- The paper presents TaiChi, a unified system that combines PD aggregation and disaggregation to optimize LLM serving while balancing TTFT and TPOT constraints.
- It introduces innovative scheduling methods—flowing decode and length-aware prefill scheduling—to dynamically reallocate resources based on real-time SLO needs.
- Experimental results show TaiChi improves goodput by up to 77% and significantly reduces latency, with TTFT and TPOT reductions of up to 13.2× and 1.69× respectively.
Prefill-Decode Aggregation or Disaggregation: A Unified Approach for Optimal LLM Serving
The paper "Prefill-Decode Aggregation or Disaggregation? Unifying Both for Goodput-Optimized LLM Serving" (2508.01989) addresses a critical issue in the deployment of LLMs for real-time applications, specifically focusing on the trade-offs between prefill-decode (PD) aggregation and disaggregation techniques. The authors introduce TaiChi, a novel system designed to unify these approaches, thereby optimizing goodput across varying service level objectives (SLOs) related to time-to-first-token (TTFT) and time-per-output-token (TPOT).
Service-Level Objectives and Current Challenges
LLM deployments are often constrained by SLOs that delineate acceptable limits for TTFT and TPOT, crucial for maintaining user experience in applications like chatbots and summarization services. The PD aggregation places prefill and decode phases on the same hardware to maximize resource utilization, achieving low TTFT but potentially high TPOT due to interference. Conversely, PD disaggregation separates these phases across different hardware resources, optimizing TPOT but often leading to increased TTFT due to queuing delays.
The paper presents evidence that under balanced SLOs, neither approach is wholly satisfactory: PD aggregation violates TPOT constraints due to prefill-decode interference, while PD disaggregation faces TTFT challenges arising from limited prefill processing capacity.
Figure 1: Distribution of requests' TTFT and TPOT under different scheduling approaches, demonstrating the inadequacy of PD aggregation and disaggregation under balanced SLO conditions.
Introduction of TaiChi
TaiChi is proposed as a unified system that integrates the strengths of both PD aggregation and disaggregation. This system is characterized by differentiated-capability GPU instances: prefill-heavy instances (fast prefill with high-interference decode) and decode-heavy instances (low-interference decode with slower prefill). By adjusting the ratio of these instances and their configuration, TaiChi can dynamically adapt to meet various SLO requirements.

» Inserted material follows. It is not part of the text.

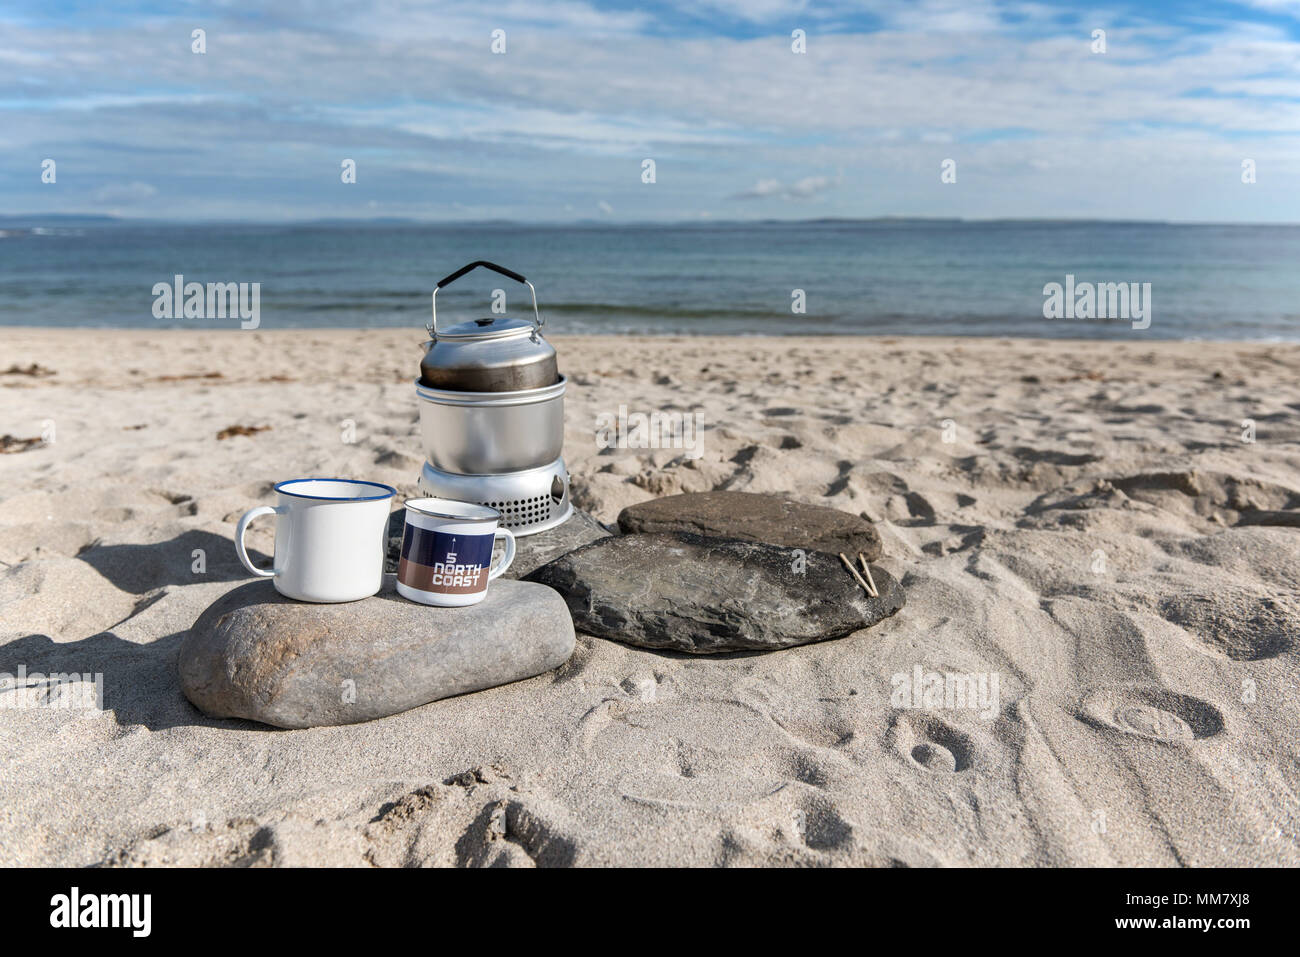 Wild camping on the beach at Sannick Bay, Caithness, Highlands, Scotland. Making a brew. Stock Photo

The core innovation in TaiChi is its hybrid-mode inference, which enables strategic latency shifting. This approach reallocates resources from requests already satisfying their SLOs to ones at risk of violation, maximizing the number of SLO-attained requests. This fine-grained resource adjustment is managed through two novel scheduling methods: "flowing decode scheduling" for controlling TPOT and "length-aware prefill scheduling" for managing TTFT.
Figure 3: The system overview of TaiChi, highlighting its differentiated-capability instances enabling dynamic SLO adaptability.
Experimental Results
The paper presents extensive experiments demonstrating TaiChi's effectiveness. Under balanced SLO conditions, TaiChi improved goodput by up to 77% compared to state-of-the-art systems by successfully managing the trade-offs between TTFT and TPOT through strategic resource reallocation.
Key metrics from the experiments include significant reductions in TTFT (up to 13.2×) and TPOT (up to 1.69×) relative to traditional PD aggregation and disaggregation approaches. These improvements are attributed to the system's ability to dynamically adjust its instance configurations in response to the precise requirements of different tasks and workloads.

Figure 5: TTFT normalized to the SLO, illustrating TaiChi's efficiency in reducing latency compared to baseline approaches.
Implications and Future Directions
This research suggests that the dichotomy between aggregation and disaggregation in LLM serving systems can be overcome through a hybrid approach that leverages the best aspects of each method. The TaoChi system showcases how architectural flexibility, coupled with intelligent scheduling strategies, can lead to significant improvements in the efficiency of LLM deployments.
Future directions highlighted by the authors include exploring further optimizations in latency shifting strategies and extending the system to accommodate even more diverse workloads and SLO requirements. Additionally, the concepts developed in TaiChi could be applied to other complex, multi-phase computational tasks beyond LLM serving.
Conclusion
The paper concludes by affirming the viability of unifying PD aggregation and disaggregation for enhanced goodput in LLM serving. TaiChi's architecture and scheduling innovations demonstrate substantial improvements over current state-of-the-art methods, pointing the way towards more efficient, adaptable LLM deployment strategies that can effectively meet the complex demands of varied application environments.